I would like to congratulate Dr. Liang Zhu for defending his PhD in August 2018 and completing his doctoral dissertation “Balancing Security and Performance of Network Request-Response Protocols” in September 2018.
From the abstract:
The The Internet has become a popular tool to acquire information and knowledge. Usually information retrieval on the Internet depends on request-response protocols, where clients and servers exchange data. Despite of their wide use, request-response protocols bring challenges for security and privacy. For example, source-address spoofing enables denial-of-service (DoS) attacks, and eavesdropping of unencrypted data leaks sensitive information in request-response protocols. There is often a trade-off between security and performance in request-response protocols. More advanced protocols, such as Transport Layer Security (TLS), are proposed to solve these problems of source spoofing and eavesdropping. However, developers often avoid adopting those advanced protocols, due to performance costs such as client latency and server memory requirement. We need to understand the trade-off between security and performance for request-response protocols and find a reasonable balance, instead of blindly prioritizing one of them.
This thesis of this dissertation states that it is possible to improve security of network request-response protocols without compromising performance, by protocol and deployment optimizations, that are demonstrated through measurements of protocol developments and deployments. We support the thesis statement through three specific studies, each of which uses measurements and experiments to evaluate the development and optimization of a request-response protocol. We show that security benefits can be achieved with modest performance costs. In the first study, we measure the latency of OCSP in TLS connections. We show that OCSP has low latency due to its wide use of CDN and caching, while identifying certificate revocation to secure TLS. In the second study, we propose to use TCP and TLS for DNS to solve a range of fundamental problems in DNS security and privacy. We show that DNS over TCP and TLS can achieve favorable performance with selective optimization. In the third study, we build a configurable, general-purpose DNS trace replay system that emulates global DNS hierarchy in a testbed and enables DNS experiments at scale efficiently. We use this system to further prove the reasonable performance of DNS over TCP and TLS at scale in the real world.

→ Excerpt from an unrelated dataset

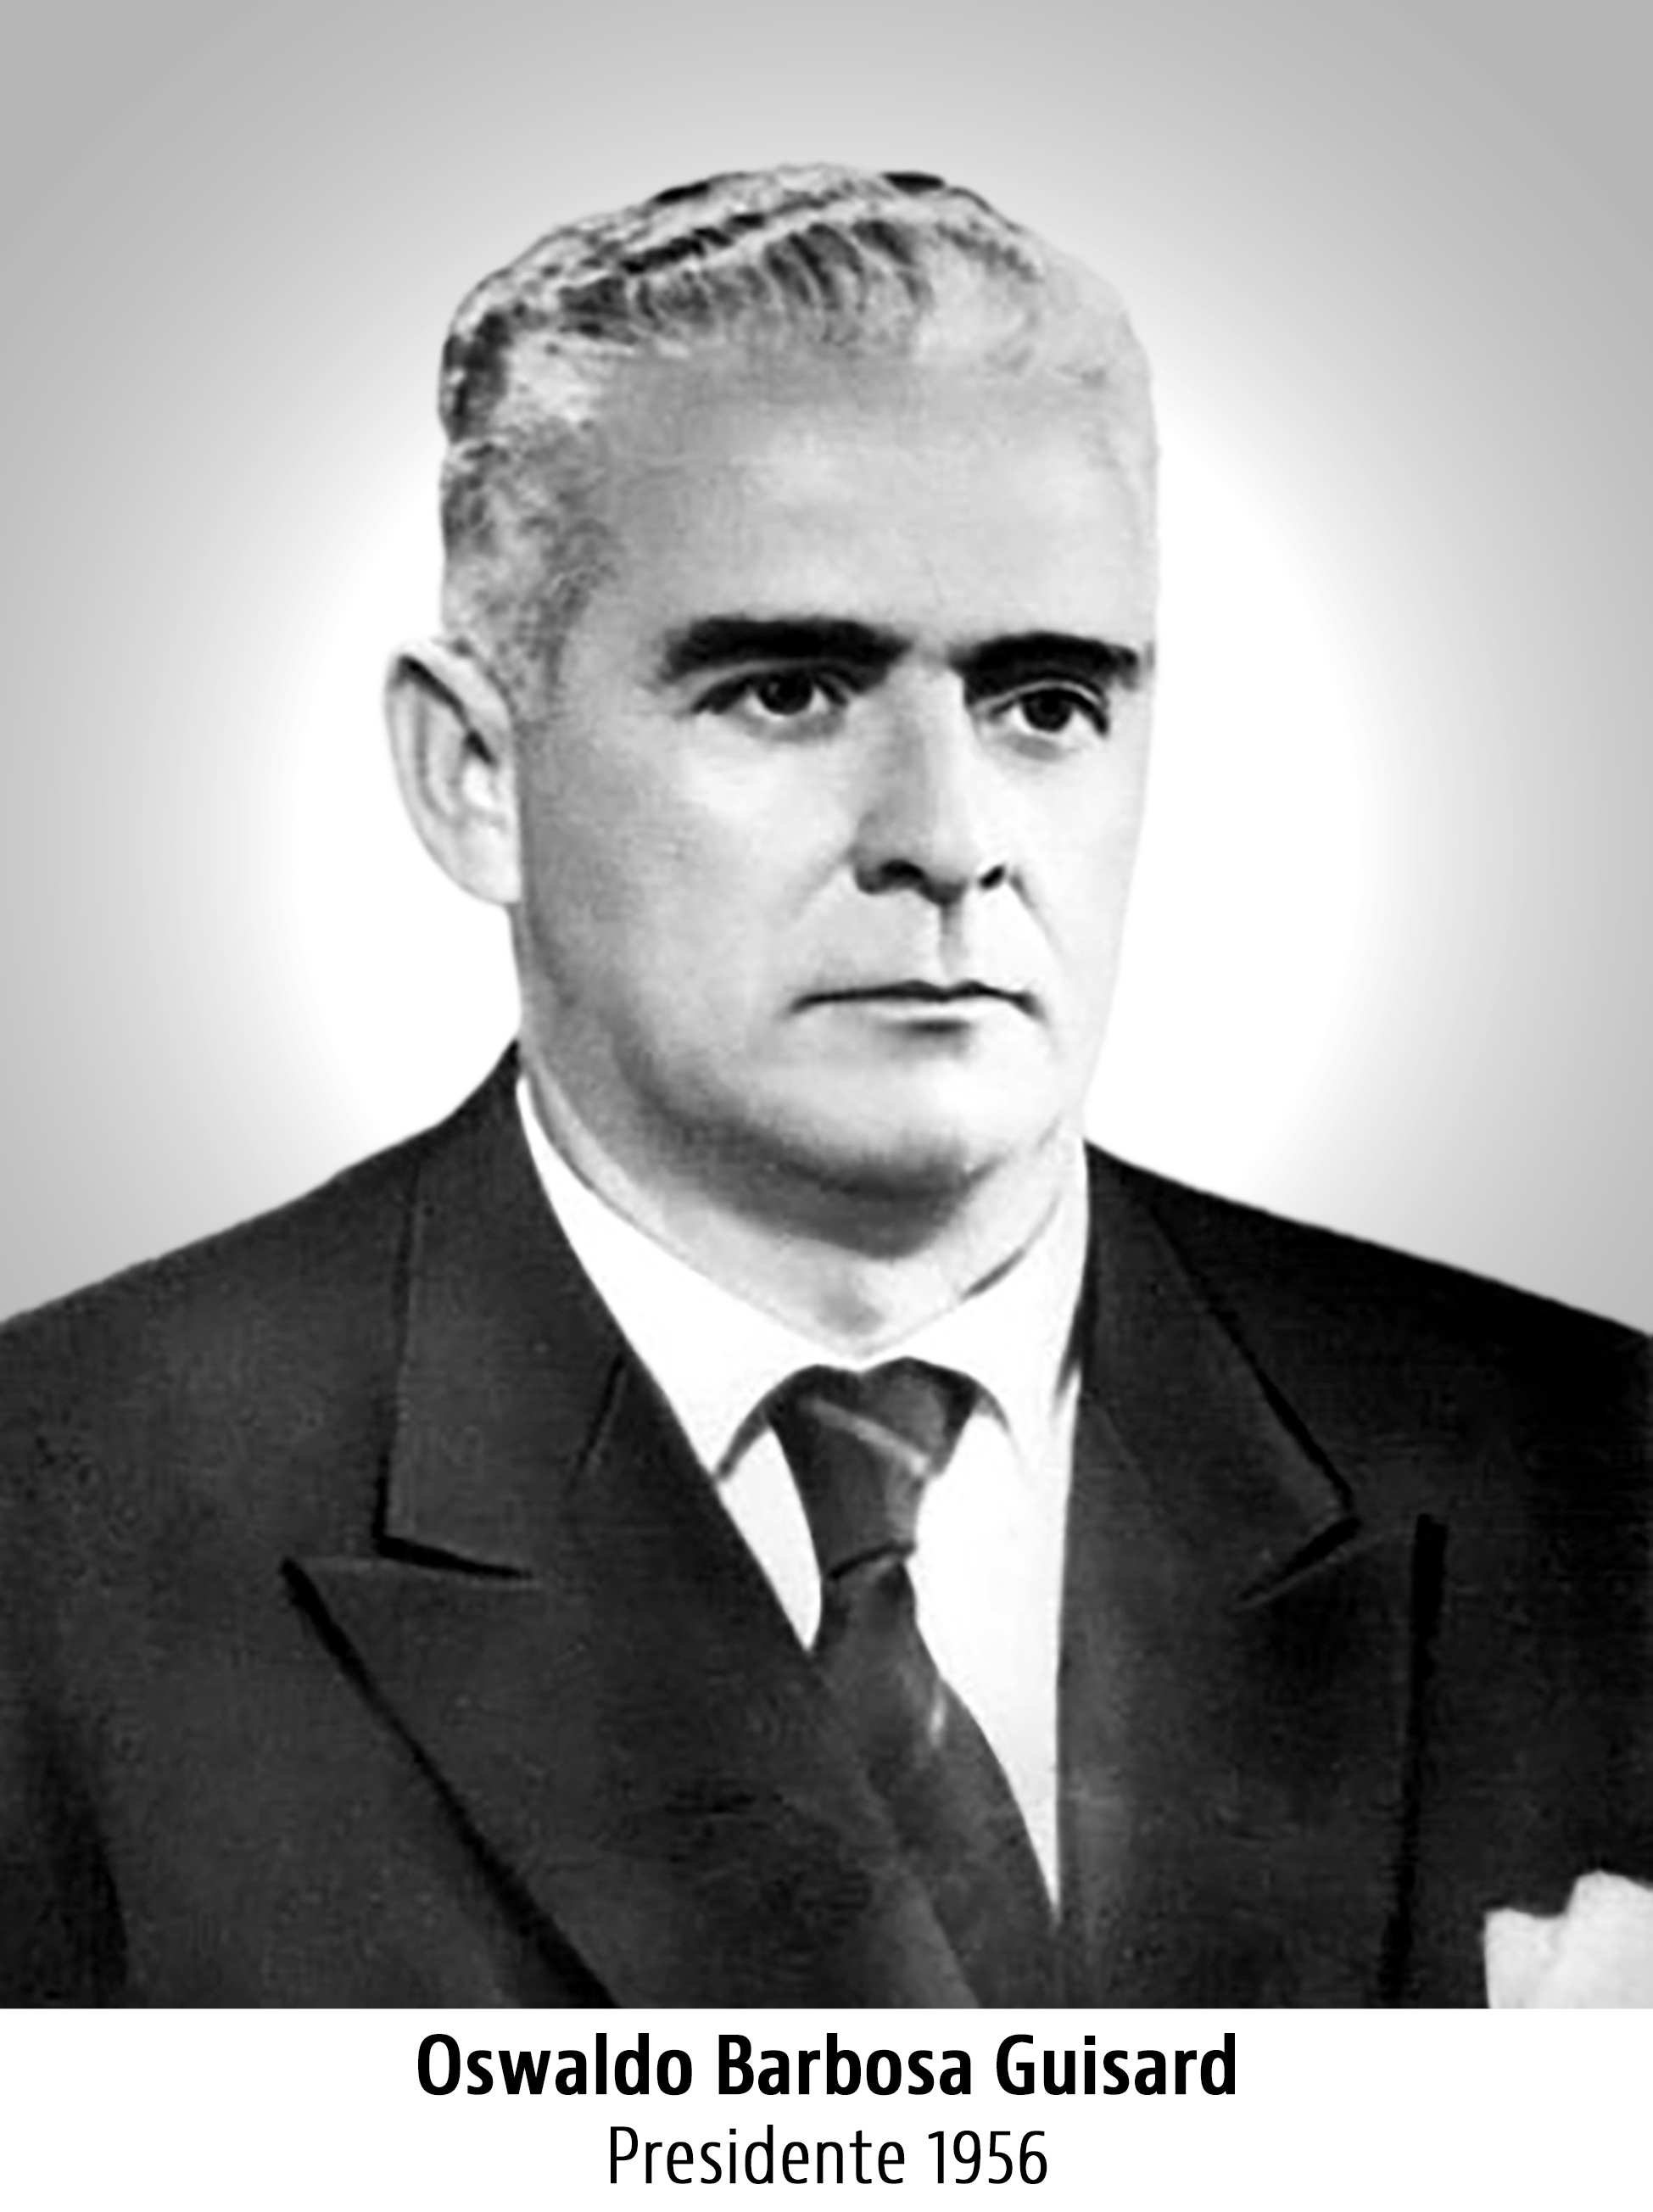 Oswaldo Barbosa Guisard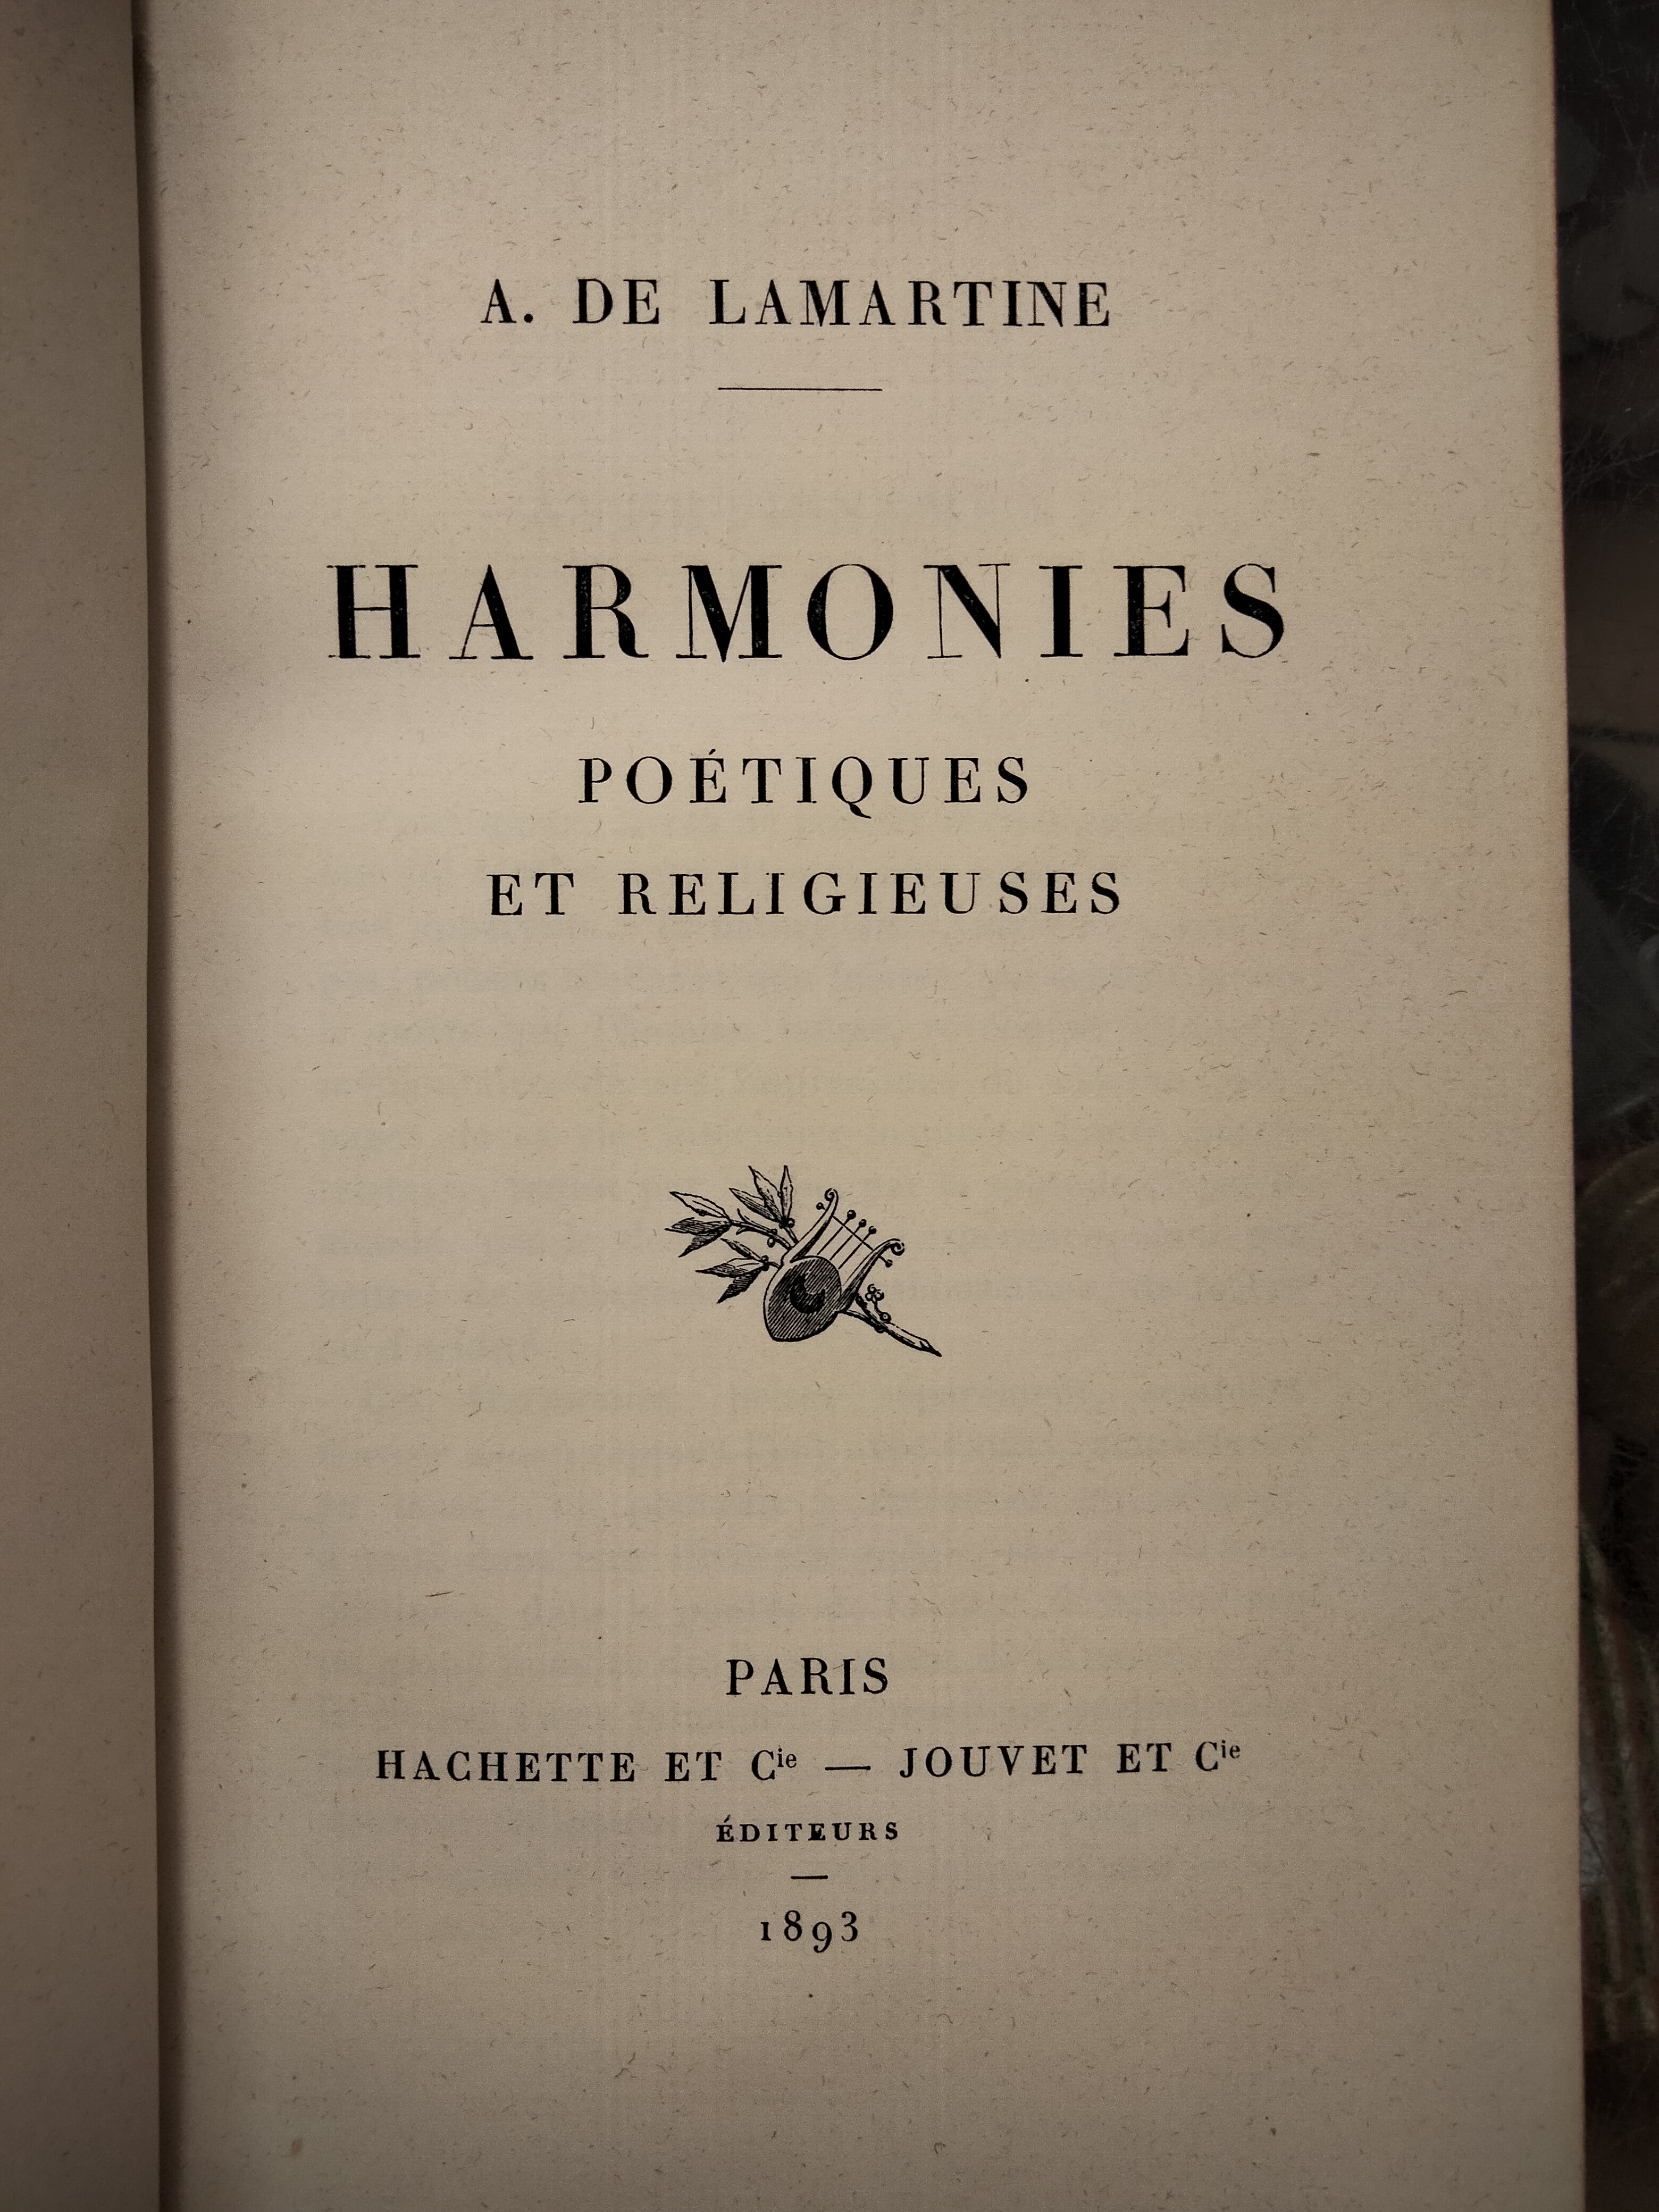 Harmonies poetiques et religieuses.

In addition to supporting our thesis, our studies have their own research contributions. Specifically, In the first work, we conducted new measurements of OCSP by examining network traffic of OCSP and showed a significant improvement of OCSP latency: a median latency of only 20ms, much less than the 291ms observed in prior work. We showed that CDN serves 94% of the OCSP traffic and OCSP use is ubiquitous. In the second work, we selected necessary protocol and implementation optimizations for DNS over TCP/TLS, and suggested how to run a production TCP/TLS DNS server [RFC7858]. We suggested appropriate connection timeouts for DNS operations: 20s at authoritative servers and 60s elsewhere. We showed that the cost of DNS over TCP/TLS can be modest. Our trace analysis showed that connection reuse can be frequent (60%-95% for stub and recursive resolvers). We showed that server memory is manageable (additional 3.6GB for a recursive server), and latency of connection-oriented DNS is acceptable (9%-22% slower than UDP). In the third work, we showed how to build a DNS experimentation framework that can scale to emulate a large DNS hierarchy and replay large traces. We used this experimentation framework to explore how traffic volume changes (increasing by 31%) when all DNS queries employ DNSSEC. Our DNS experimentation framework can benefit other studies on DNS performance evaluations.